15 Dry-assemble the legs onto the side assembly to make the full side assembly (A/B/E/F/G/H), and mark 1⁄2" above on the top side stretchers (F) where they intersect on the legs (A, B). Strike cutlines, and bandsaw the tapered edges of top side stretchers just proud of the lines. Clean up the sawn edges with a pass on the jointer. Trim the protruding tenons flush with the top of the legs (see Figure 1).

16 Glue and clamp the stretcher and splat assemblies (E/F/G/H) to the legs (A, B).

17 Apply glue to the opposing mortises in the legs (A, B) and fit the front (C) and rear (D) stretchers in place. Clamp the side assemblies and front and rear stretchers together to form the chair base. Check the chair base for square and adjust. If it’s out of square, fitting the upholstered seat could be a problem.

Make and install the arms

Note: While it appears that the chair arms are bent, in reality I face-glue additional 6"-long pieces of wood to the underside of the arms at the front ends and cut these assemblies to their final shape at the bandsaw. To achieve a great match, cut the 6" from the boards you are using for the arms. If this piece is cut directly from the front of the arms, the edges and end grain will match perfectly.  

1 Referring to the Cut List, mill enough 5/4 stock to 11⁄16" thick for the arms (I), adding 61⁄8" in length to both arms. Cut the arms to just over the listed width and to the exact length. Save the offcuts.

2 Lay out the grooves to fit the top side stretchers (F) to the underside of the arms (I), according to Figure 5. Label the arms “left” and “right.” Strike lines across the width of the arms where the grooves terminate at the front ends. Extend the lines onto the edges. Using a 1⁄2" bit in your handheld router along with an edge guide, cut a 9⁄16"-deep groove 11⁄8" from the inside edges of the arms, as shown in Photo F. Readjust the edge guide to create a groove that fits the thickness of the upper side stretchers. Test-fit the arms on their respective side assemblies, and leave them there for the next step.

Extend the groove into the wedges, stopping at the stop line. Square the groove ends with a chisel.

With an arm resting on its edge, bandsaw the top face, cutting just proud of the cutline.

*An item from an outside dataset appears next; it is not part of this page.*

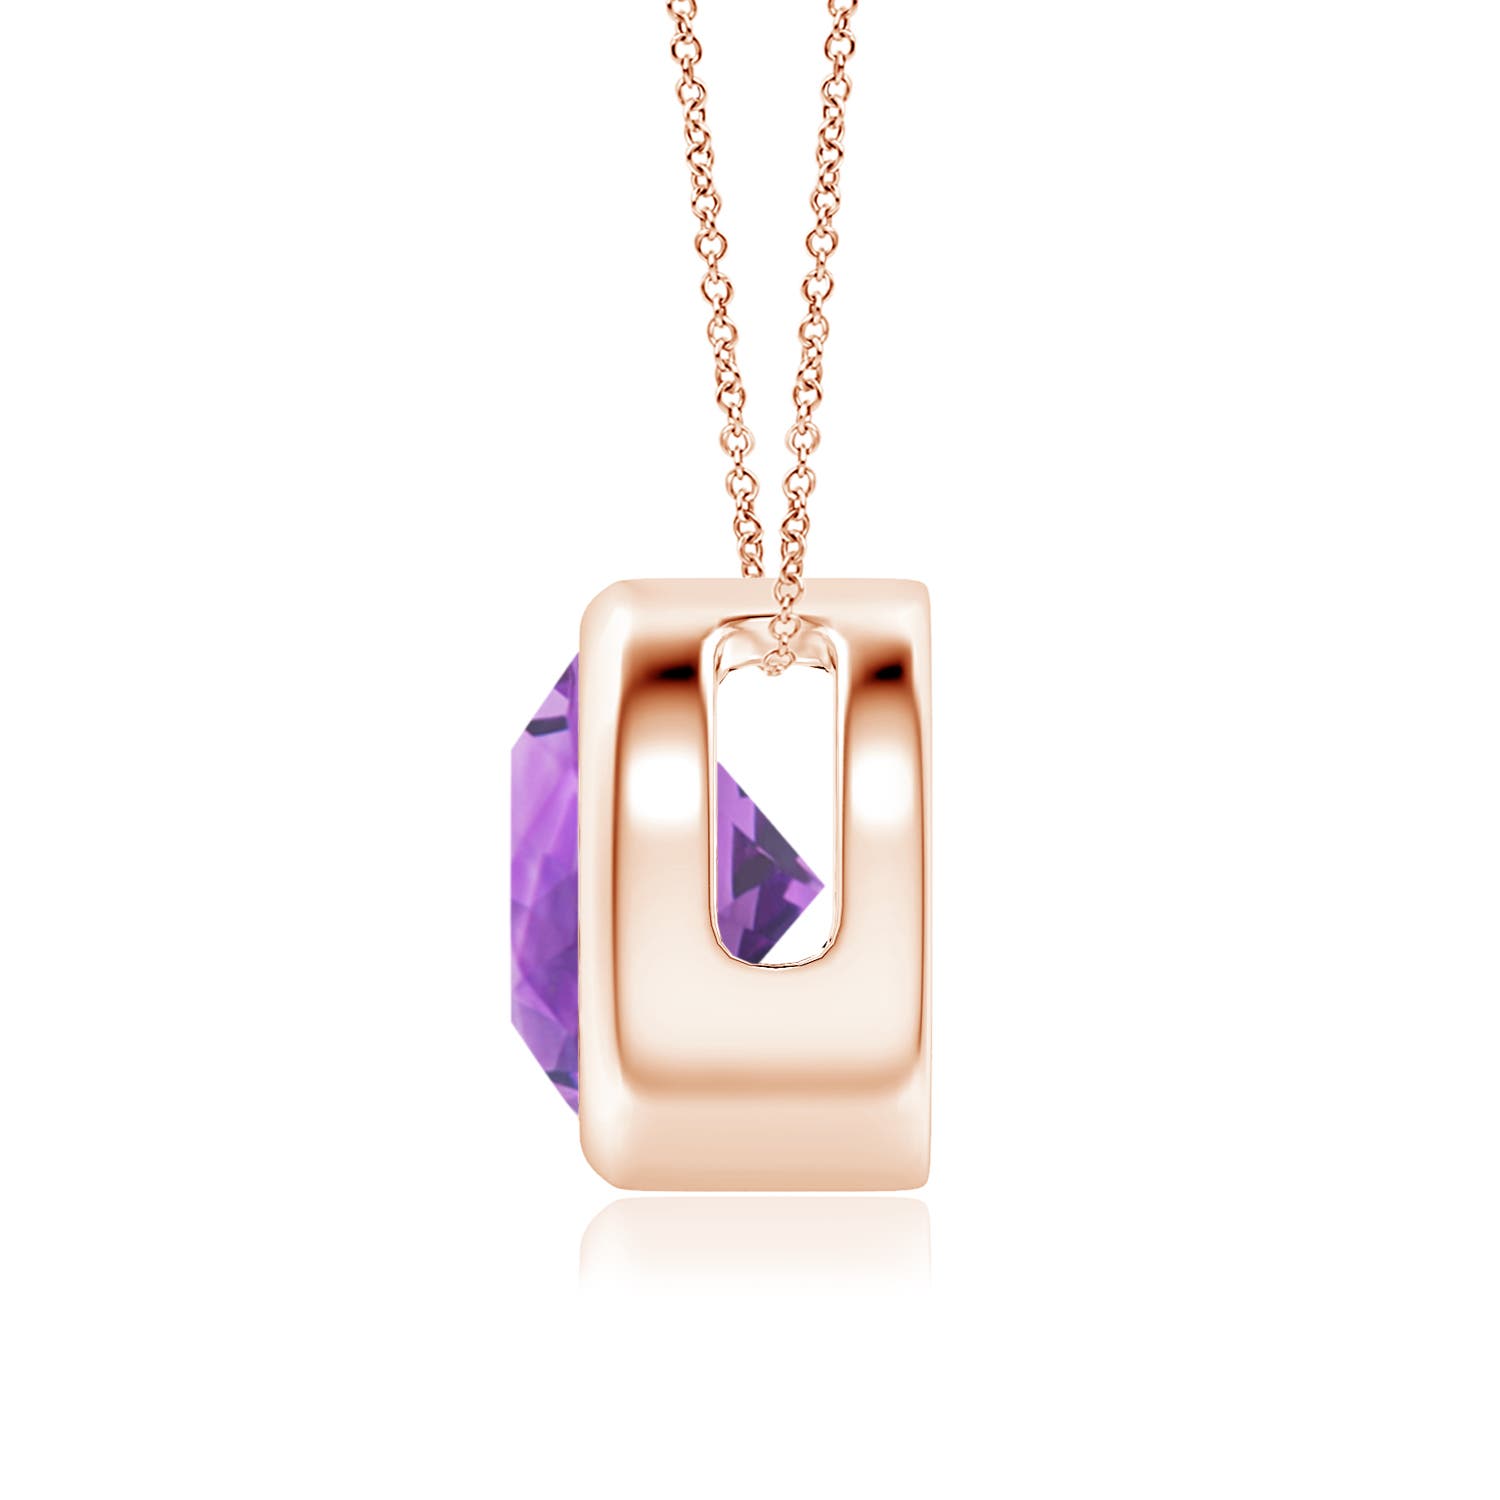 AA - Amethyst / 1.7 CT / 14 KT Rose Gold

First establish the shoulders at the knife lines with a chisel, and then remove the recess waste.

3 Position the 6" offcuts on the underside of the arms so they match well on the ends and edges. Note the best grain matches, and then lay out the tapers, as shown in the Edge Profile in Figure 5.

Now, using the bandsaw, cut proud of your layout lines to make a pair of 6" wedges. Sand the bandsawn faces of the two keeper wedges smooth with a stationary belt sander or sanding block. Save the offcut (waste) wedges to use as clamping cauls for the glue-ups.

4 Dry-fit the wedges to the underside of the arms (I) to make sure the joints will close completely under adequate clamping pressure. Now, apply glue to the wedges, and clamp them in place using the offcut wedges to help hold them in place. Avoid using water for the glue cleanup as it can penetrate the end grain and weaken the joint.  Instead, after the glue has slightly hardened, pare off the excess with a chisel. Let dry.

5 Strike stop lines between the edge marks on the arms and across the glued-on wedges indicating where the grooves terminated at the front ends. Returning to your router and edge guide, rout into the wedges, as shown in Photo G, stopping at the lines. Square the groove ends with a chisel.

6 Joint the edges to final width. Then lay out the top edge profile of the arms (I), as shown in Figure 5, to achieve the “bent” arm. Bandsaw the profile to shape, cutting just outside the cutlines, as shown in Photo H. Plane and sand the top and bottom faces for a smooth transition.

7 Place the chair base upside down on the workbench with the top side stretchers (F) seated in the routed grooves in the arms (I). Next, use a marking knife to score around the legs where they meet the arms. Remove the chair base. Now, using a handheld router with a 1⁄4" bit, carefully rout a 1⁄16"-deep recess so the leg ends can seat inside the arms. Direct a lamp at the work area to see the shadows created by the knife lines. Stay just shy of your knife lines when routing. Finish the recess with a sharp chisel, as shown in Photo I.

This ensures a clean look. Any gap where the top of the leg meets the arm will be hidden inside this recess. Sand the arms to 180 grit.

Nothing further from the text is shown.